“Move,” the guard says, and I step forward.
The space expands around me in deliberate disorder, stations arranged in a way that looks chaotic at first but reveals structure the longer I observe it. Crew members move between positions with practiced efficiency, their voices overlapping in a rhythm that feels coordinated rather than noisy, each call and response fitting into a larger system that does not require central confirmation to function.
“Tracking vector shift?—”
“Compensate two degrees?—”
“Power distribution holding?—”
No one stops what they are doing, but they all notice me.
I feel it in the way voices dip slightly, in the way movements adjust just enough to acknowledge something new in the space without disrupting what is already happening.
I am not taken to the edge.
I am not confined.
I am brought directly into the center.
That is wrong.
I slow just enough to reassess, my awareness sharpening as the implication settles in.

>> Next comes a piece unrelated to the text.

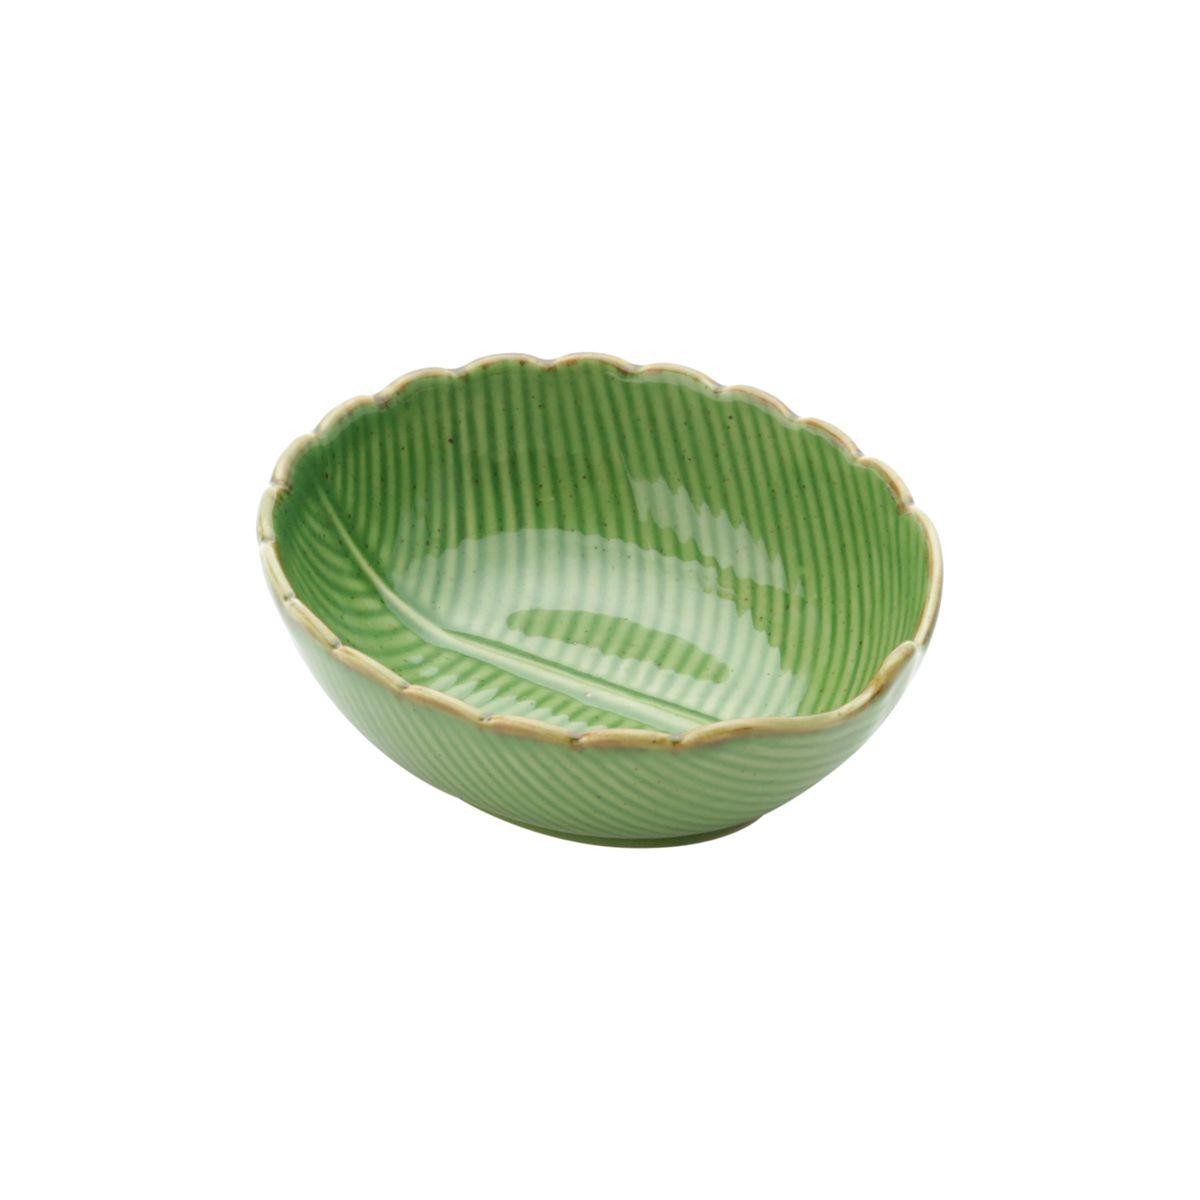 Centro de mesa 11,5 x 10 cm de cerâmica verde Banana Leaf Lyor - L4132

“You sure about this?” one of the guards mutters under his breath.
“Orders,” the other replies.
That word lands with more weight than anything else.
Orders.
From him.
I lift my gaze.
Tyrok stands at the forward command position, one hand resting against the edge of a console as he studies the projection in front of him. The light here is harsher, less filtered, catching along the edges of his form in sharp lines that emphasize rather than soften what he is.
“Report,” he says without turning.
“Unknown contact,” someone answers. “Closing fast.”
“Vector?”
“Intercept.”
I stop a few steps behind him, close enough to feel the heat of the systems and the stronger vibration beneath the floor, but far enough not to interfere with the movement around him.
“You’re not secured,” I say before I decide whether I should.
Several heads turn.
His expression does not change when he looks at me, but his attention sharpens.
“I’m not concerned,” he replies.
“That’s inefficient,” I say.
A quiet laugh breaks somewhere to my left, quickly suppressed.